- Born: Oliver Laurence Barrett October 8, 1892 Tekoa, Washington, U.S.
- Died: August 7, 1943 (aged 50) Eugene, Oregon, U.S.
- Occupations: Sculptor; educator;
- Spouse: Kathryn Sartain ​(m. 1942)​

= Oliver L. Barrett =

American sculptor (1892–1943)

Oliver Laurence Barrett (October 8, 1892 – August 7, 1943) was a Pacific Northwest sculptor.

==Early life==
Oliver Laurence Barrett was born on October 8, 1892, in Tekoa, Washington, to Mrs. William Wallace Barrett. He studied art in Portland, Oregon, San Francisco and at studios in southern California.

==Career==
Notable works include the (no longer extant) Theodore Roosevelt Memorial and Rebecca at the Well, part of the Shemanski Fountain. He sculpted the marine figure at the Battleship Oregon Memorial Park in Portland, Oregon. He also sculpted the Pan group of figures in the court of the Murray Warner Museum and the facade of a bank building in Seattle. One of his pieces, a statue of a primitive woman, was exhibited at the Metropolitan Museum of Art in New York City prior to his death. He had ambitions of sculpting a statue of Paul Bunyan and his ox Babe, but they were not realized prior to his death. He was known for having stray cats and dogs at his studio.

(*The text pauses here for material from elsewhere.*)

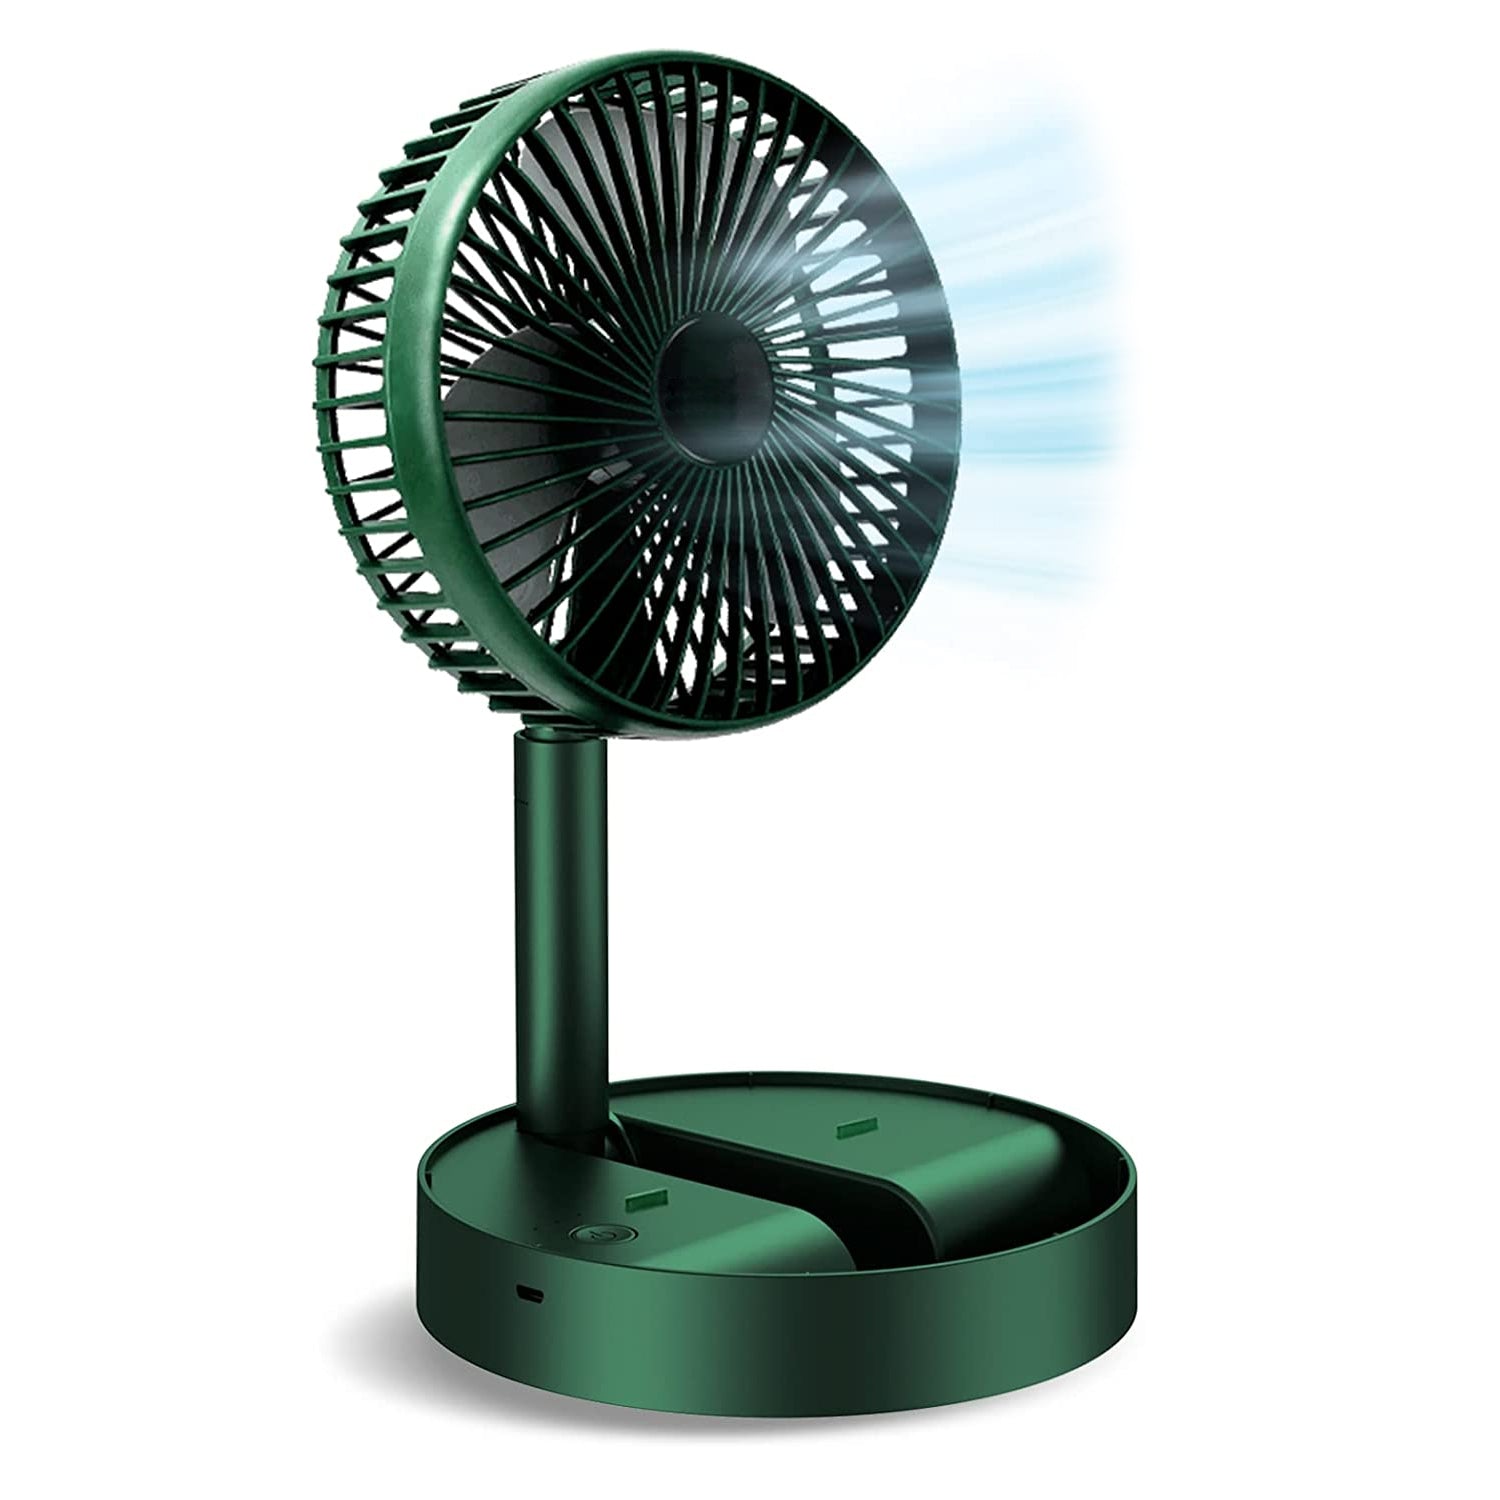 4613 Telescopic Electric Desktop Fan, Height Adjustable, Foldable & Portable for Travel/Carry | Silent Table Top Personal Fan for Bedside, Office Table Dukandaily

In 1927, Barrett joined the University of Oregon as an instructor. By the time of his death, he was an associate professor of sculpture there. Up to his death, he was conducting experiments with plastics to develop a material to eliminate casting.

==Personal life==
Barrett married a former student, Kathryn "Kittye" Sartain of Eugene on May 29, 1942. He lived on Fairmount Boulevard in Eugene.

Barrett died on August 7, 1943, following an operation at a hospital in Eugene. His ashes were taken to his Tekoa hometown.